Per fare qualche esempio:
Il foglio di carta del diario è finito. Il foglio digitale di un blog - miracolo dello scrolling! - è teoricamente infinito.
Provate a fare "Modifica>Cerca nella pagina" nel diario della vostra amica è ditemi se funziona. Inutile tentare con CTRL-F. In un blog, invece, posso divertirmi a trovare le ricorrenze del termine "afferisce" o "rucola" ecc...
Queste cose, tuttavia, sarebbero parimenti fattibili usando un programma tipo Word: mi faccio un diario in word e allora sì che cerco, tendo all'infinito ecc… E' vero: tuttavia lo "strumento" Blog va oltre il supporto PC. E oltre tale supporto c'è internet.
Sia il diario cartaceo che quello su PC hanno una dimensione privata. Il Blog, vivendo in Internet, ha una dimensione pubblica: come se appendessimo il nostro diario cartaceo ad un albero in una via della città per farlo leggere ai passanti, che poi si danno parola e vengono più numerosi. Quella città è molto grande: è il mondo dei wired, di coloro cioè che hanno una connessione a internet.

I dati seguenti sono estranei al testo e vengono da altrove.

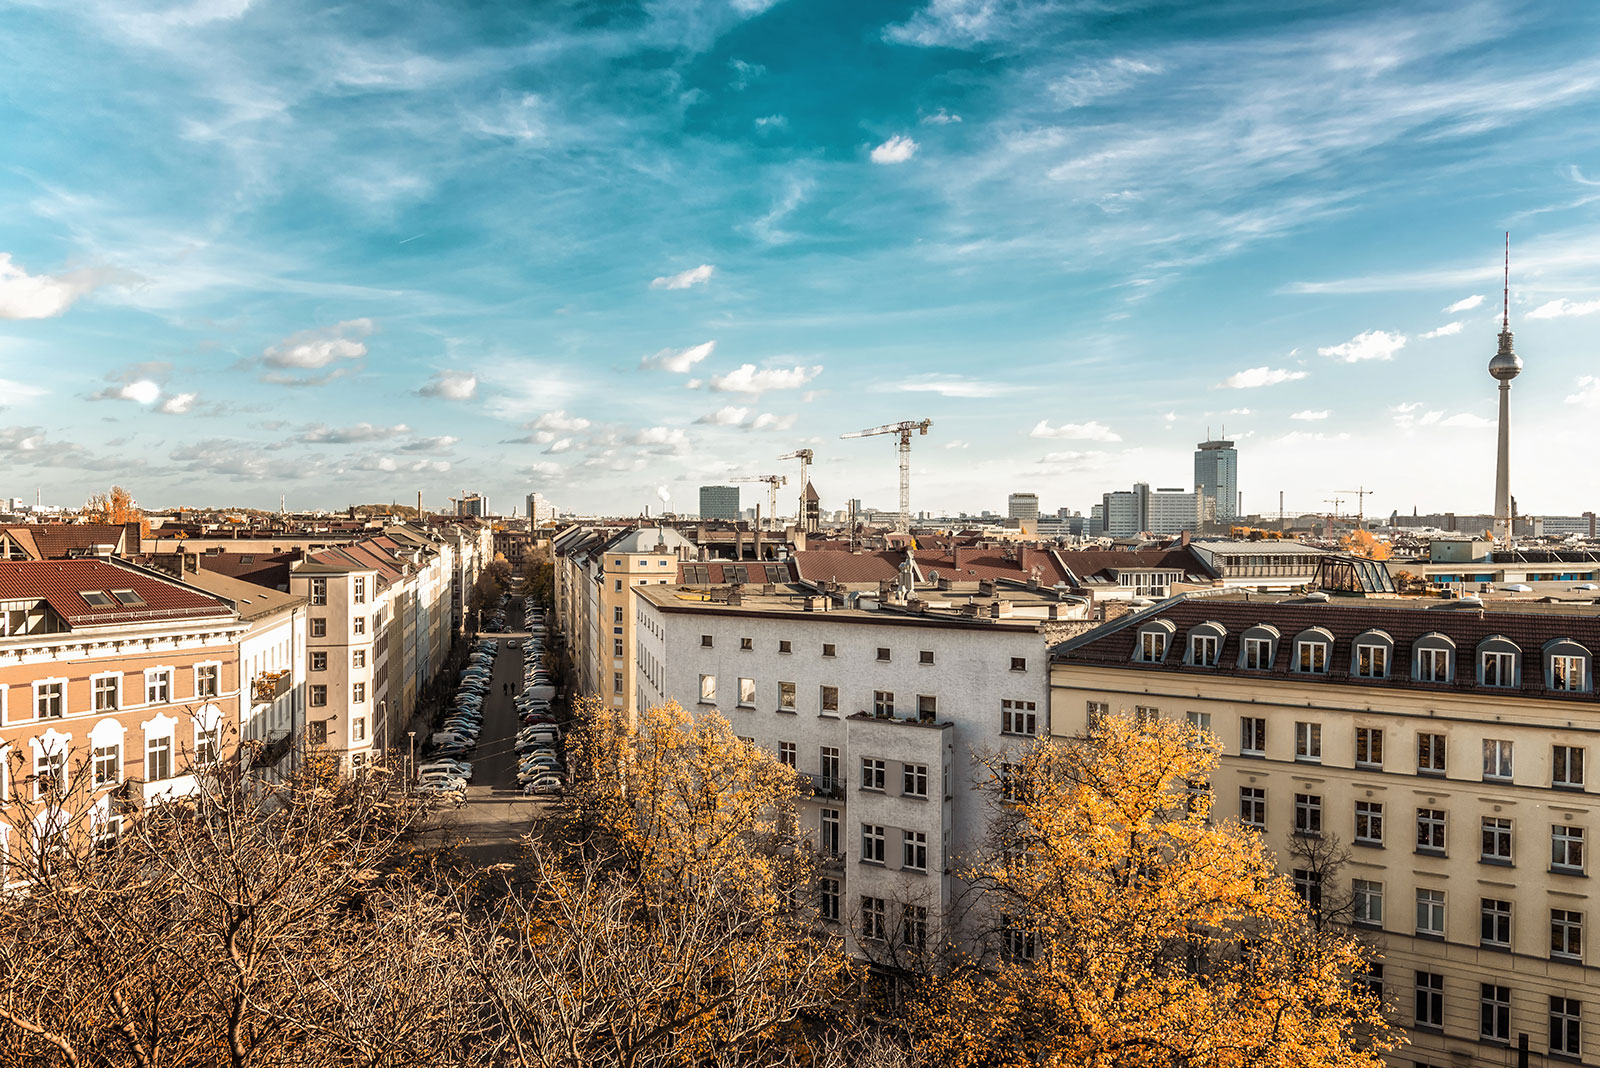 Die Skyline von Berlin mit Altbauhäusern im Vordergrund und dem Fernsehturm im Hintergrund
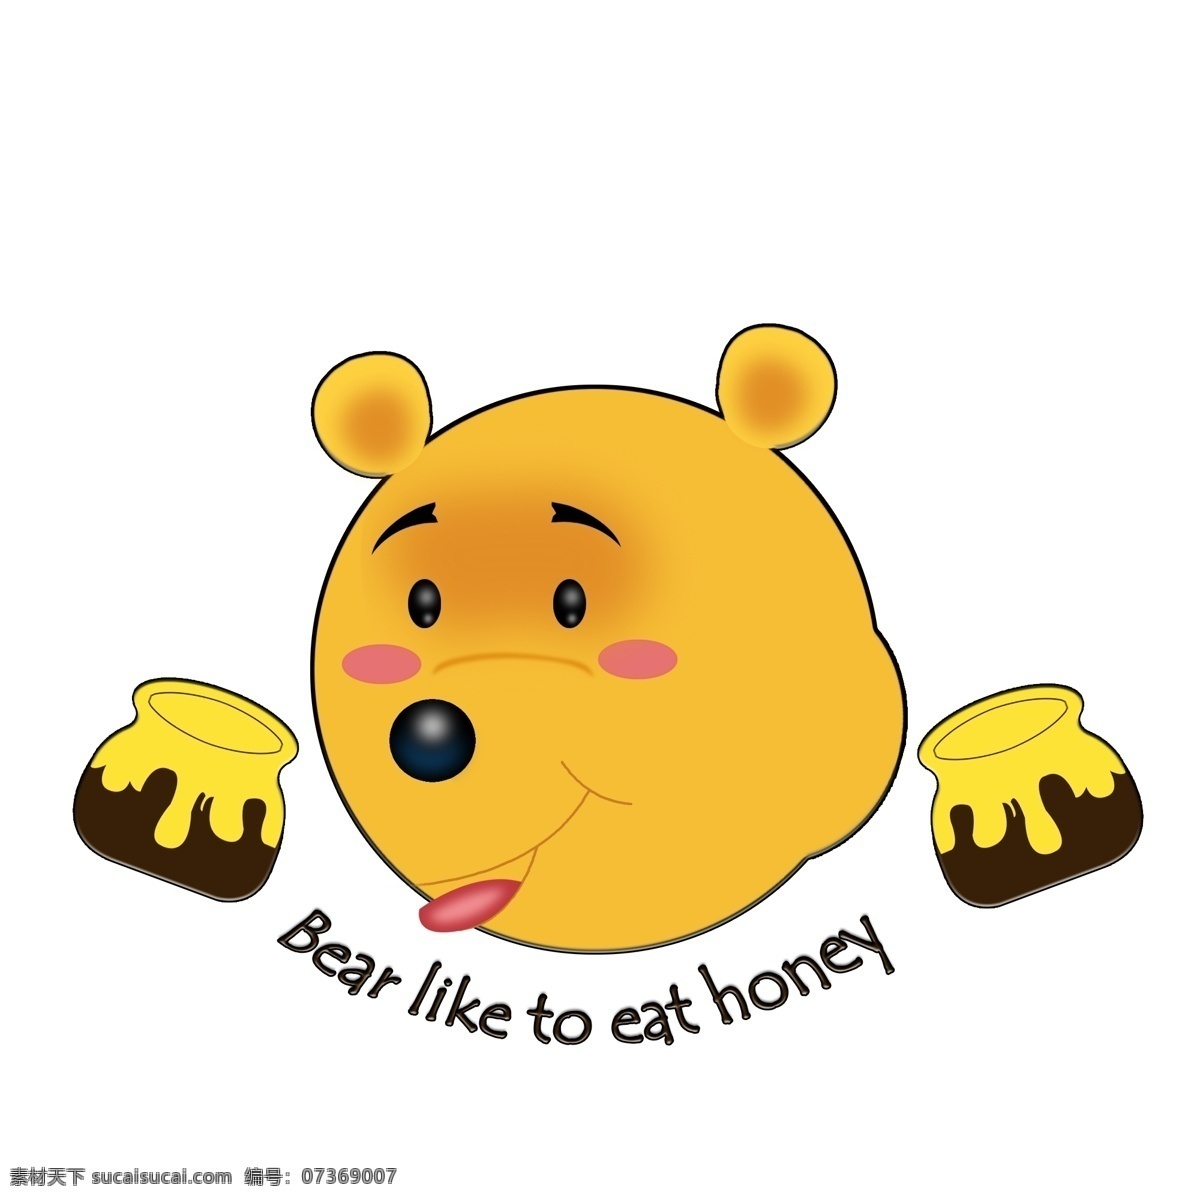 可爱 小 熊 透明 图 小熊 几何形 圆润 bear 平面设计 免抠 简单 小清新 卡通 蜂蜜 甜而不腻

Restando nella metafora del diario appeso, immaginiamo che altre persone (altri autori), decidano di appendere il loro diario ad un altro albero. Tantissimi alberi con tantissimi diari appesi. Immaginiamo anche che i passanti (o quelli che arrivano perché vogliono arrivare proprio lì, dopo aver consultato uno specifico "elenco di aggregazione" dei diari appesi!), leggendo un intervento di un qualsiasi diario, decidano di aggiungervi un commento. Una miriade di diari appesi con una miriade di commenti lasciati dai passanti. Nulla vieta di pensare che alcuni di quei passanti commentatori, siano essi stessi autori di un diario appeso. E che magari, oltre a lasciare un commento, vogliono dire che hanno trattato degli argomenti simili a quelli appena commentati anche nel loro diario. Ecco che allora fanno un legame speciale: incollano il capo di un filo sottile alla pagina del diario con l'intervento commentato; legano l'altro capo del filo, dopo averlo srotolato, al proprio diario appeso: ha stabilito un legame semantico tra gli interventi di due diari appesi diversi, quello suo e quello di un altro.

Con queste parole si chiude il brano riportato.